__What the task requires__
Could you print the stretch of lines below from the one with "Challoch, Stranraer, Scotland" through the one with "45K3990 - Low-Temperature", exactly as they stand and without any pictures?

__Data supplied__
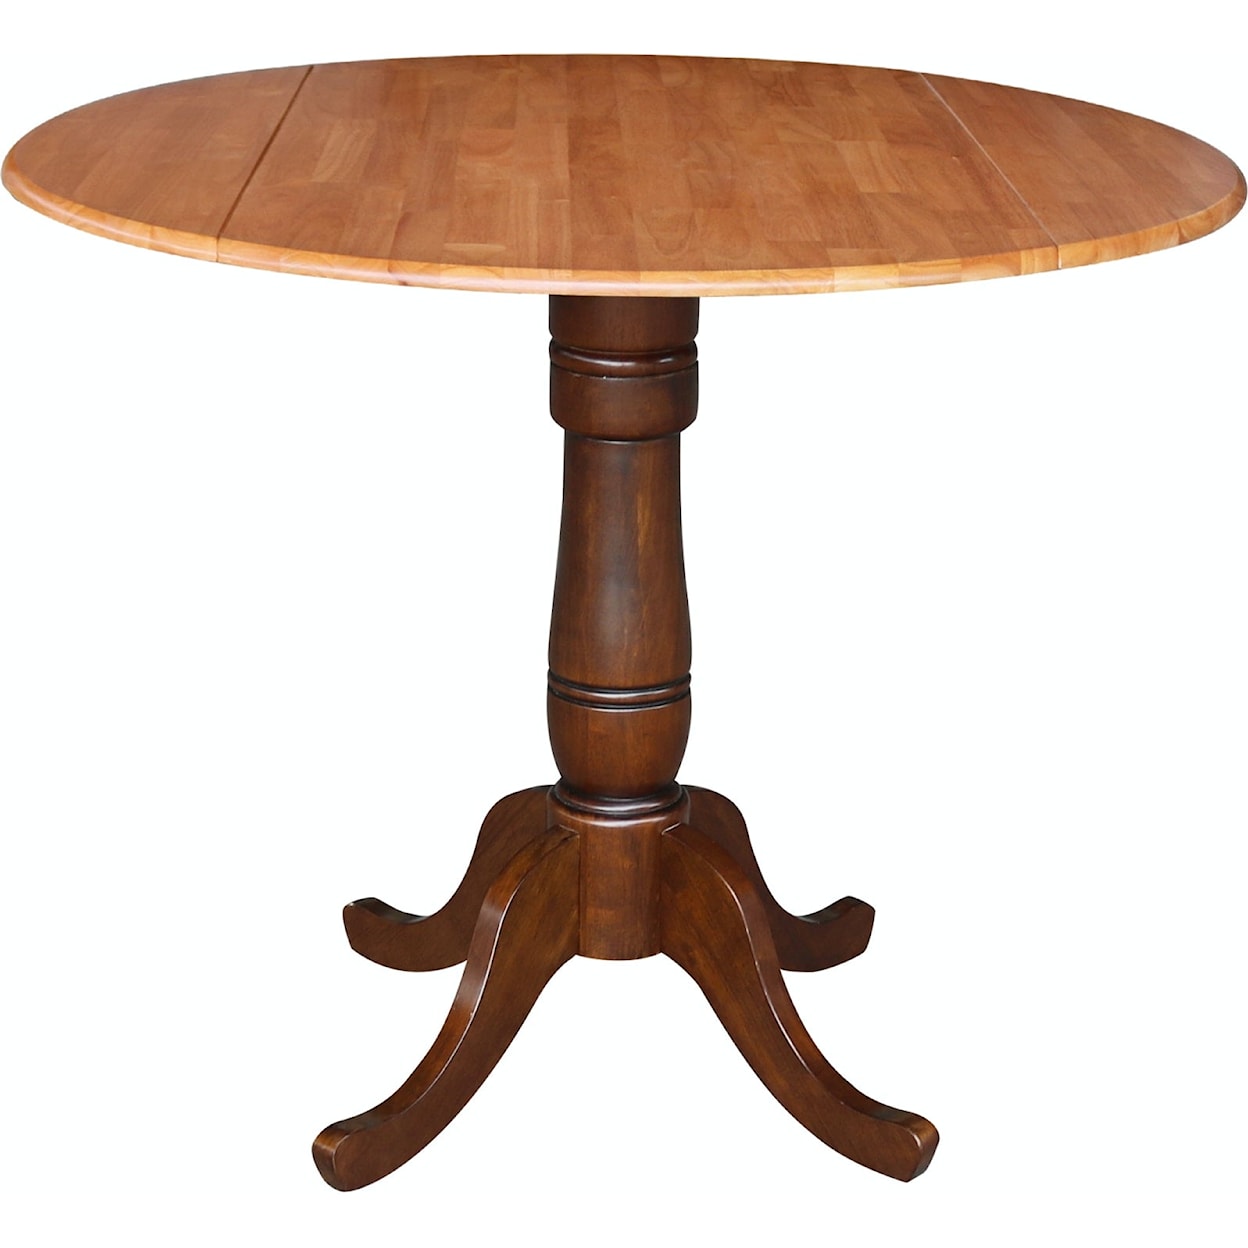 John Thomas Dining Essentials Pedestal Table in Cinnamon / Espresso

...

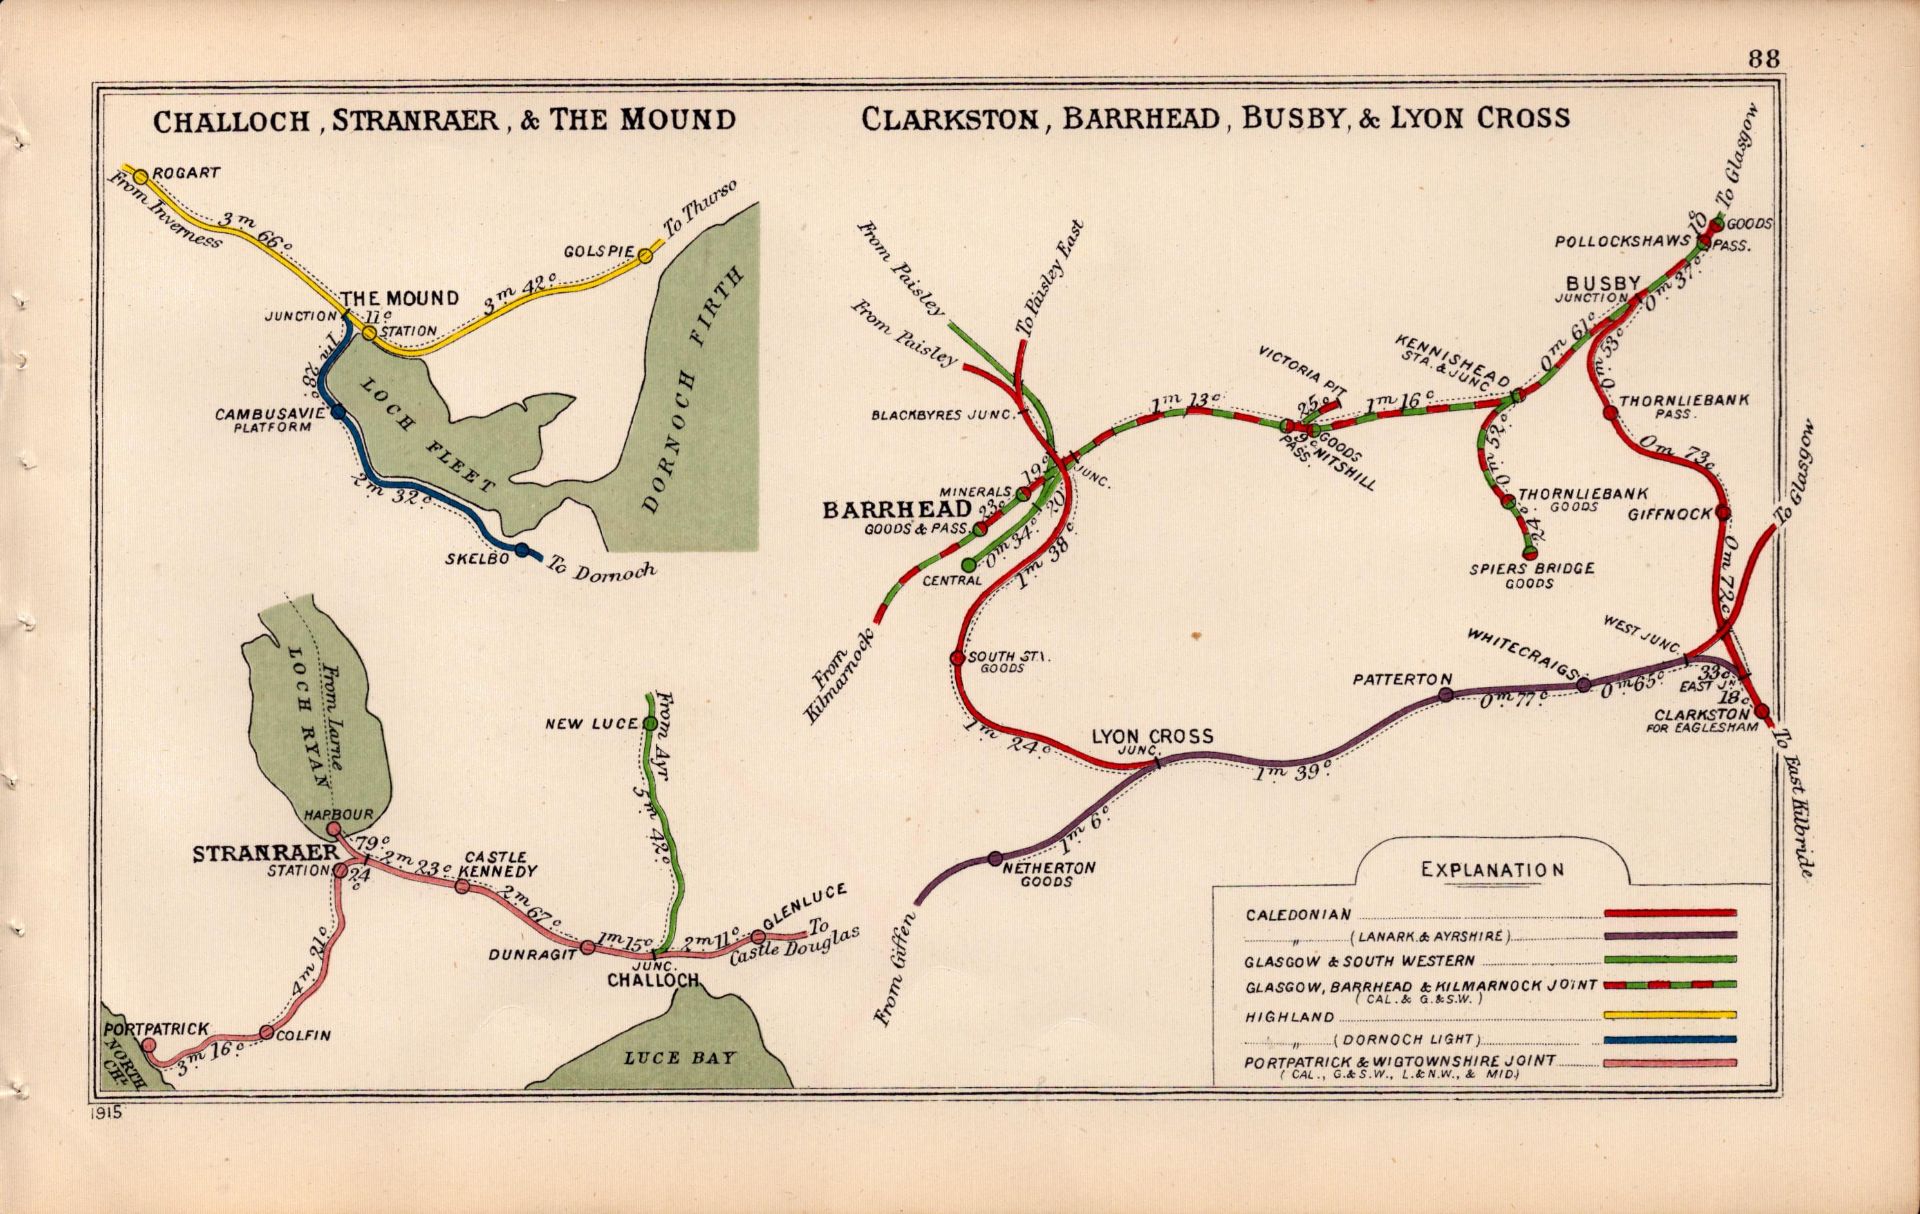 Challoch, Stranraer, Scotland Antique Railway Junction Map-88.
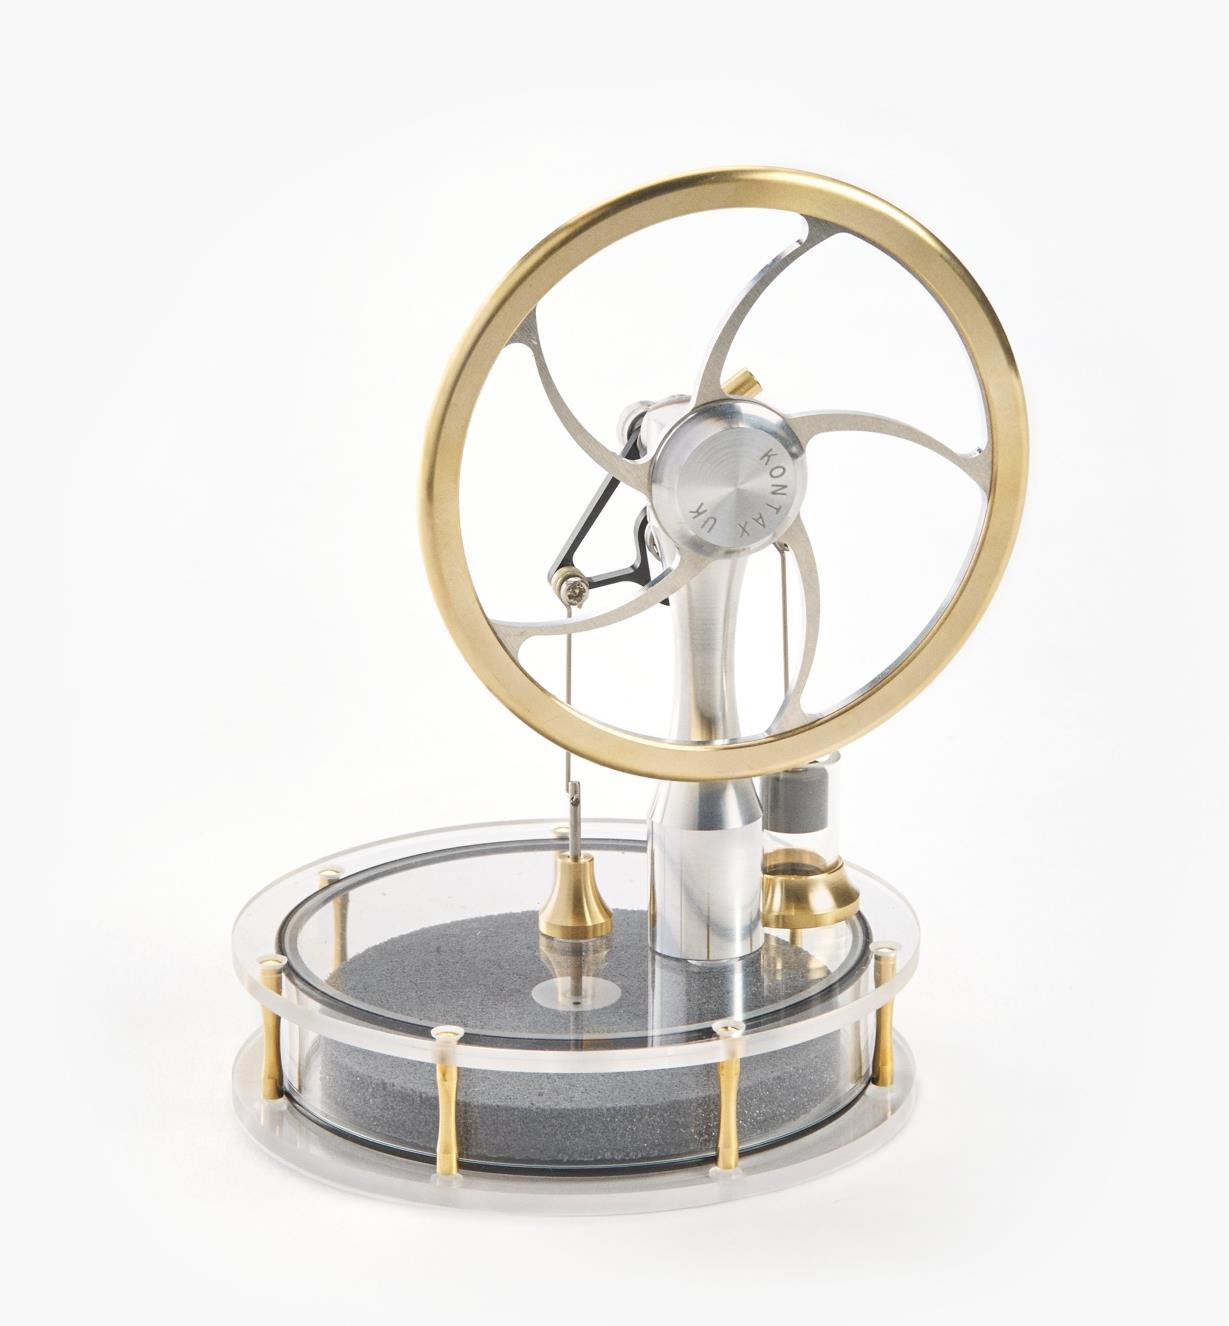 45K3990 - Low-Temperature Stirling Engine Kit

---

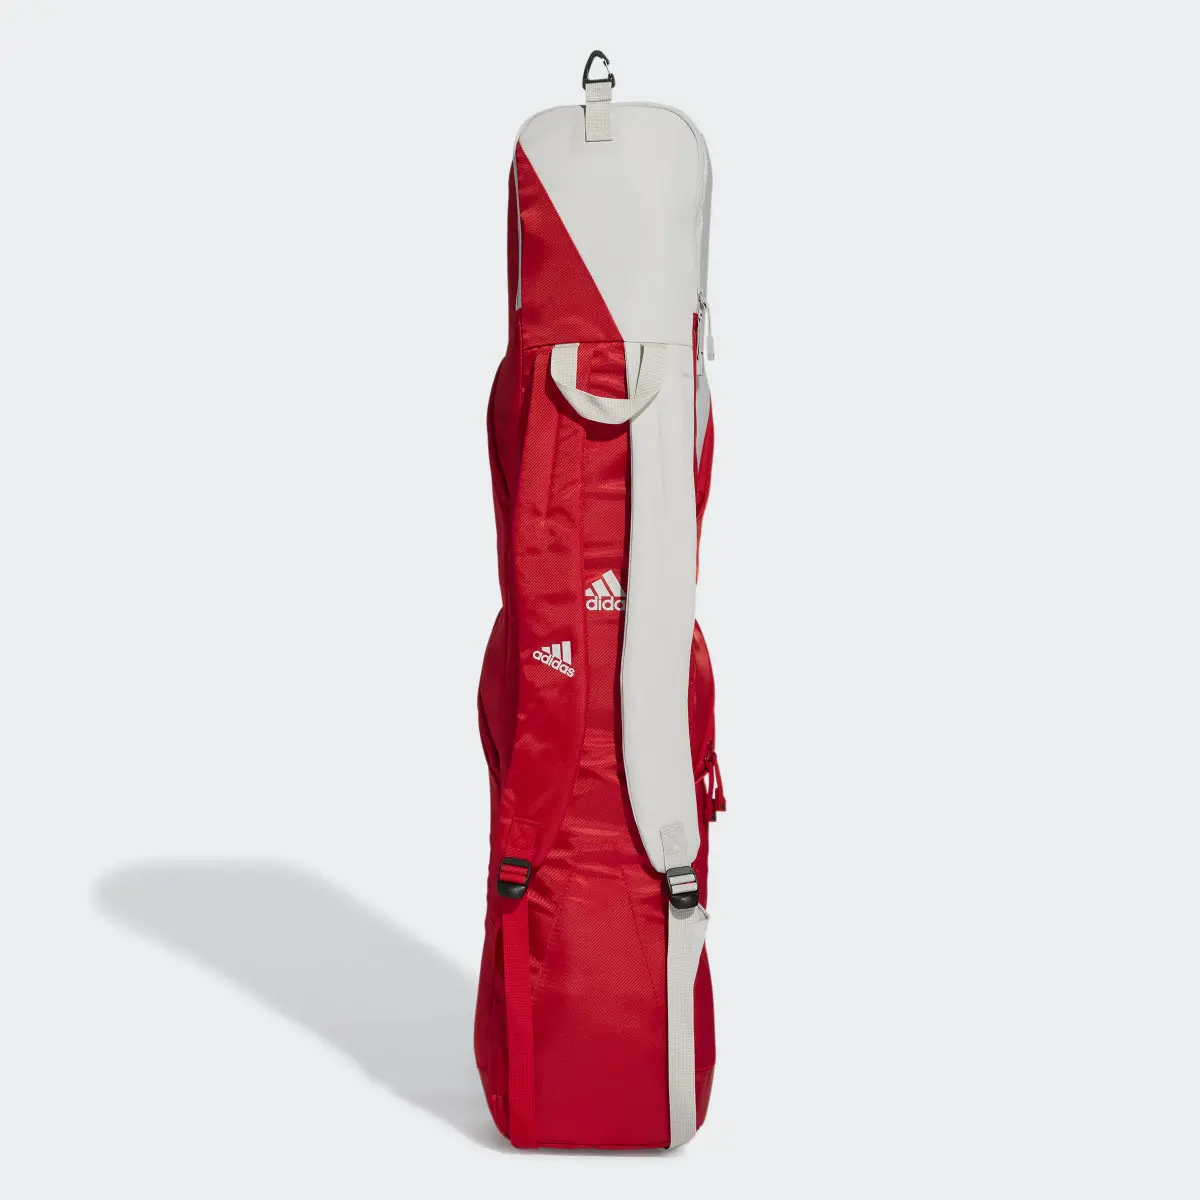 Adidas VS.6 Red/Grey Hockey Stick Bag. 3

__The completed task__
 Challoch, Stranraer, Scotland Antique Railway Junction Map-88.
 45K3990 - Low-Temperature Stirling Engine Kit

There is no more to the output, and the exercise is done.